For the sake of the Christian extremists hijacking my faith I learned to make an explicit argument from my faith for the human rights of all while respecting the guardrails of secular democracy and doing this work in solidarity with people of all faiths and those of a secular moral belief system. And while many at the time were worried that this would lead to a compromise in the separation of church and state it became clear that it was a faith voice that would save democracy and human rights.

In leading Faith in Public Life I got to be inspired every day to see faith leaders step forward to reclaim their voices. I will never forget joining a protest outside the US Supreme Court to protest the Dobs decision which ended federal protections to abortion access. I stood alongside and also opposed criminalization of abortion in favor of supporting women with options. Through the diversity in our perspectives, pro-life and pro-choice, we knew the Dobb’s decision was not about abortion. It was about patriarchy. It was nothing to do with religious freedom and everything to do with controlling women. As I began to speak, the activists on the other side began to shout me down. They began to get in our faces, breaking the COVID and protest regulations. A man with a megaphone was yelling straight into our speaking space. As I spoke, I could not even hear my own voice. And for a moment, I faltered. Was it worth it to continue? I saw that my staff were feeling terrified.
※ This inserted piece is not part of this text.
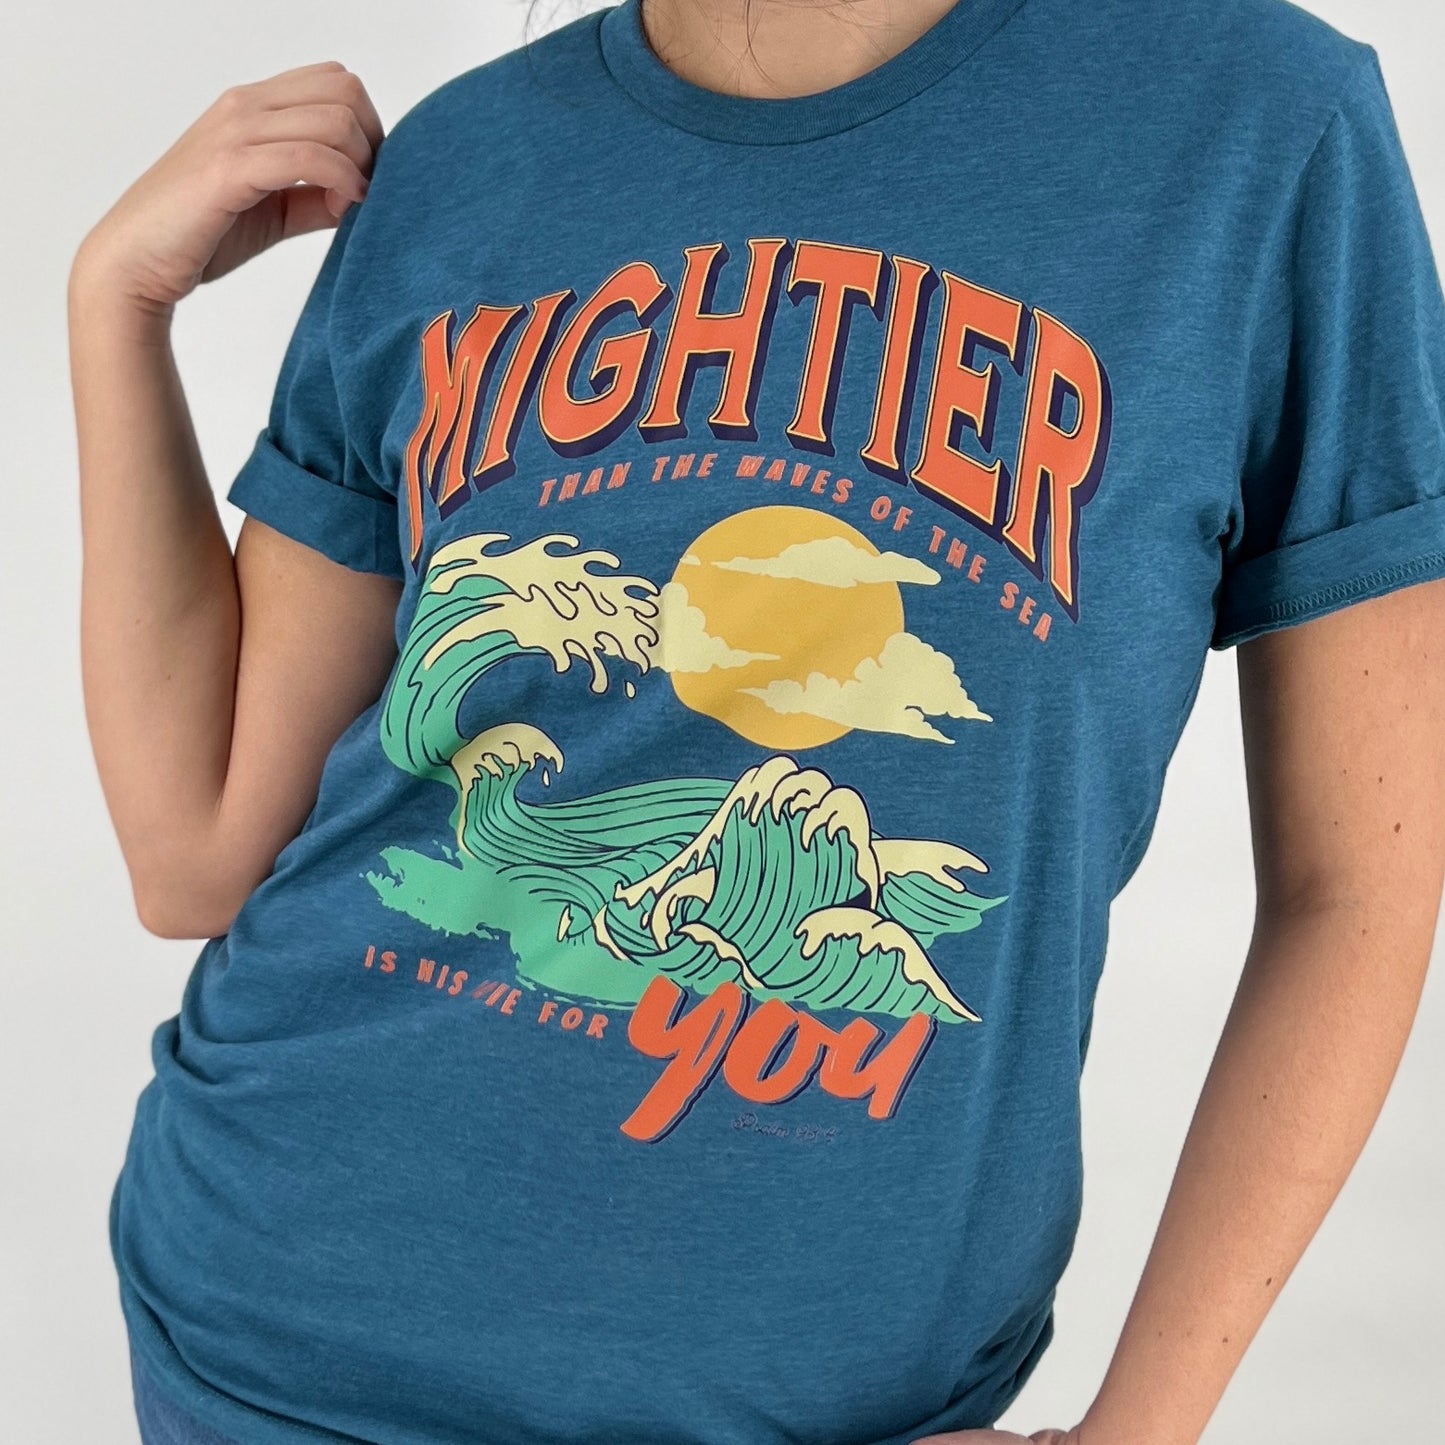 Mightier than the waves of the sea is his love for you tee

In front of me, though, in the crowd, I saw an older woman, a complete stranger. She locked eyes with me, calm, fierce, solid, protective. And I spoke to her. I was able to continue, and so were the other women. 

We are up against a lot, but we women have power in our solidarity and diversity even when facing a juggernaut. In 2018, I joined a group called Moms Rising on Capitol Hill in Washington. We were there to witness Homeland Security Secretary Kirsten Nielsen testify before Congress on the Trump administration’s child separation policy. Moms Rising had made little baby onesies with the names of children that had died, in fact, were killed by neglect and detention centers. As I waited to go into the hearing, the Capitol Police Chief singled me out by name. I didn’t know him, but he sure knew who I was, quite possibly from a mugshot, because I had been arrested leading civil disobedience during the uprising to protect the Affordable Care Act. He had a cell phone to his ear, and he looked worried. He removed the phone from his ear, and he said to me, “I’m being told that if you hold up that onesie in this hearing you will be arrested.” Imagine the power of a onesie to drive fear into the hearts of members of Congress. 
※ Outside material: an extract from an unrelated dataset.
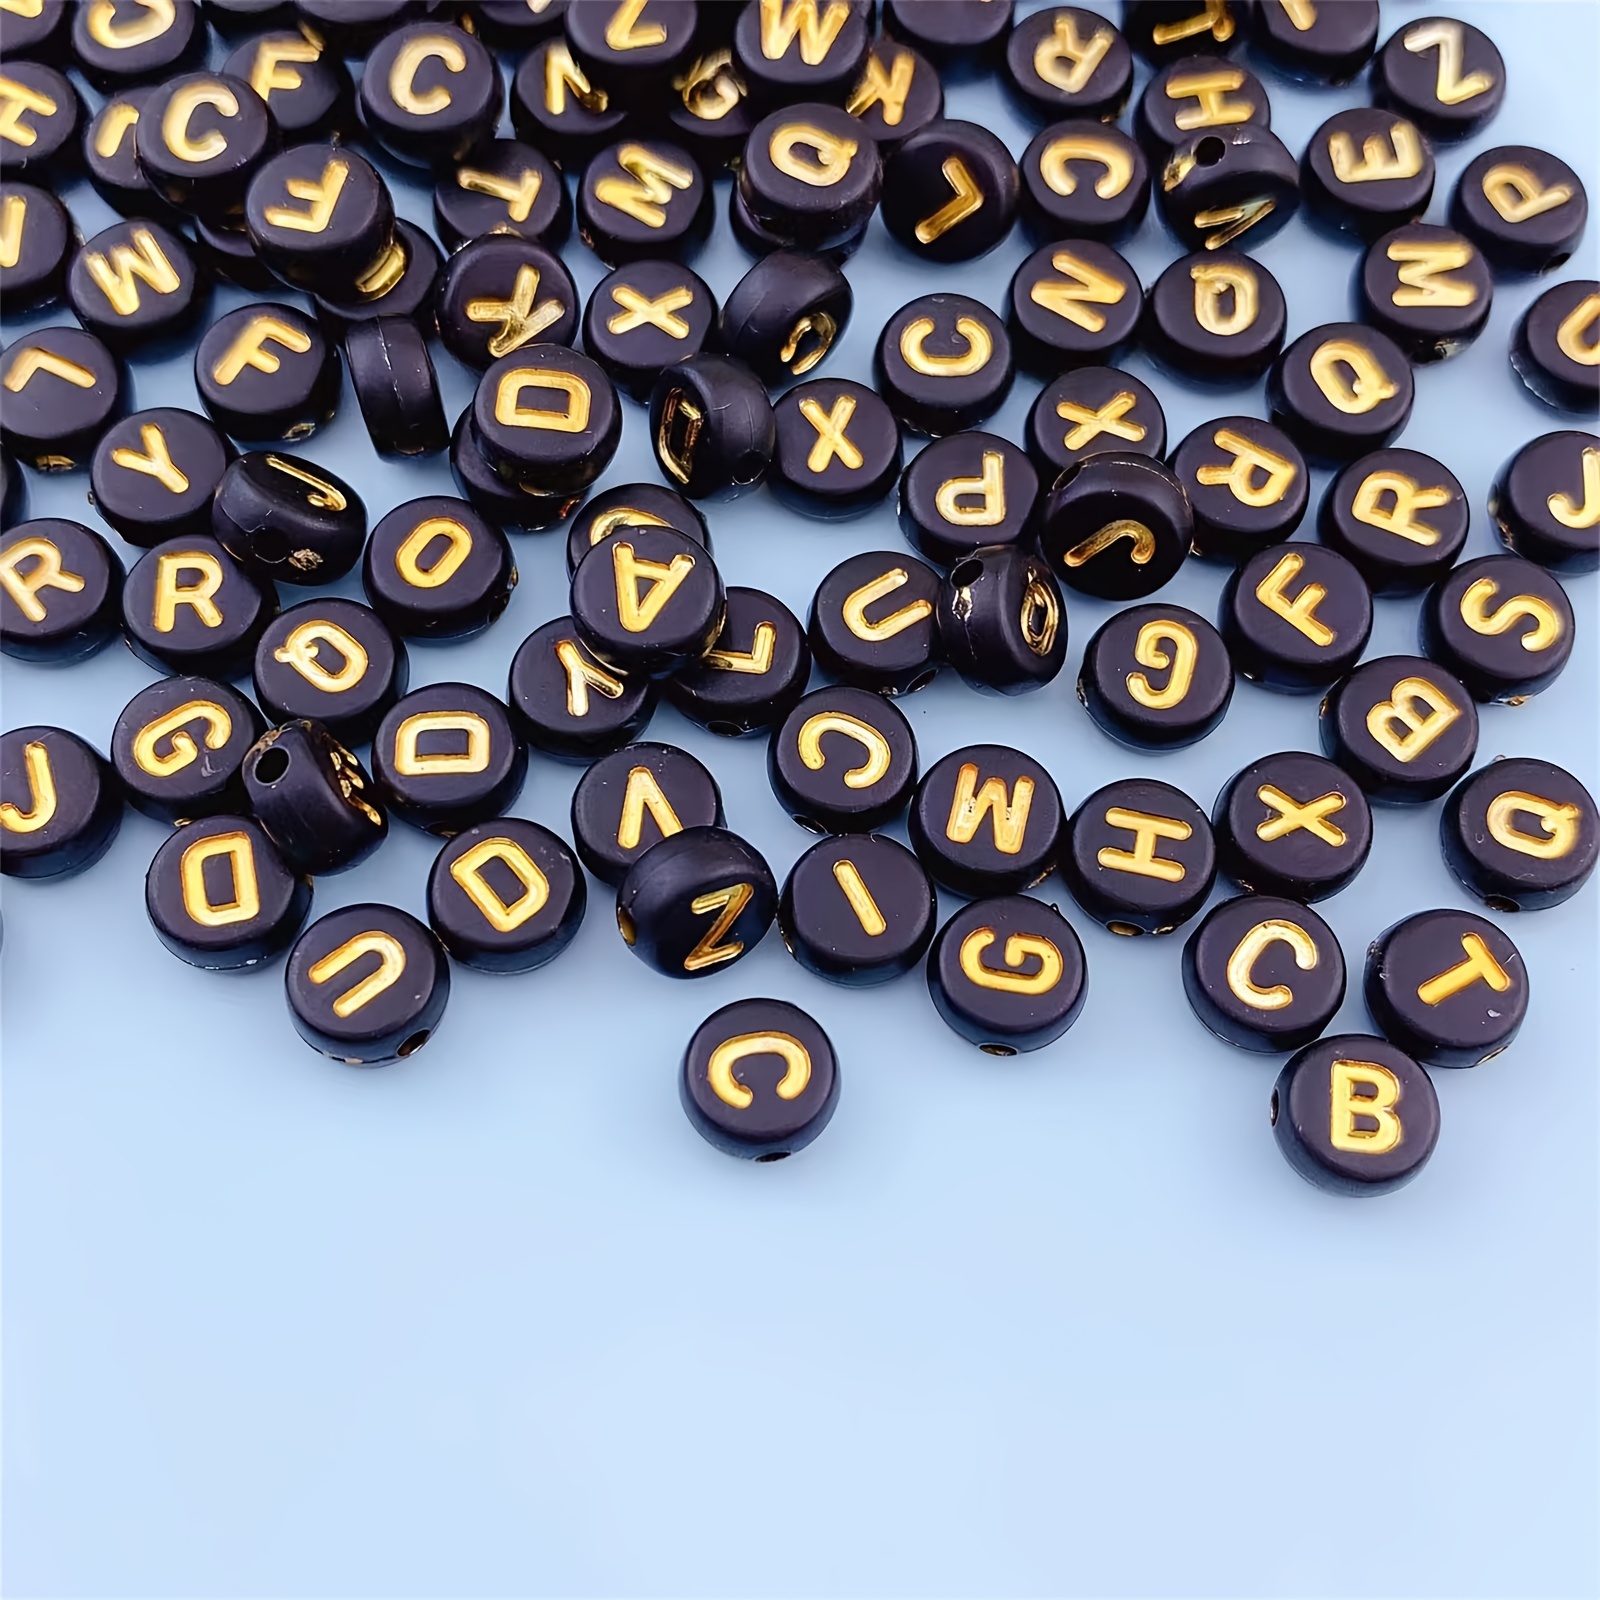 200 Pcs Letter Beads Alphabet Golden Letters Black Round Bead For  Friendship Bracelets And Gifts Souvenir Jewelry Making

Sometimes my friends, we don’t even know the power that we have. Our creativity and moral authority as women is critical to countering tyranny even when we’re up against Goliath, our ability to be bold to tell things as they are as life-givers and as moral leaders will bring autocrats down. And that is what we’re doing here this week building solidarity, forging broad coalitions, reclaiming our faith for justice, grounding in our leadership as women, keeping the true vision of our faith’s human dignity alive now and for future generations.

Tyrants will try to convince us that our dream of dignity for all is impossible, unrealistic or even undesirable. But hope is born in our ability to imagine God’s vision of human dignity for all becoming a reality. And that is why we’re here in Chicago. As long as we continue to amplify that vision then hope will power us and future generations to make it so. Thank you.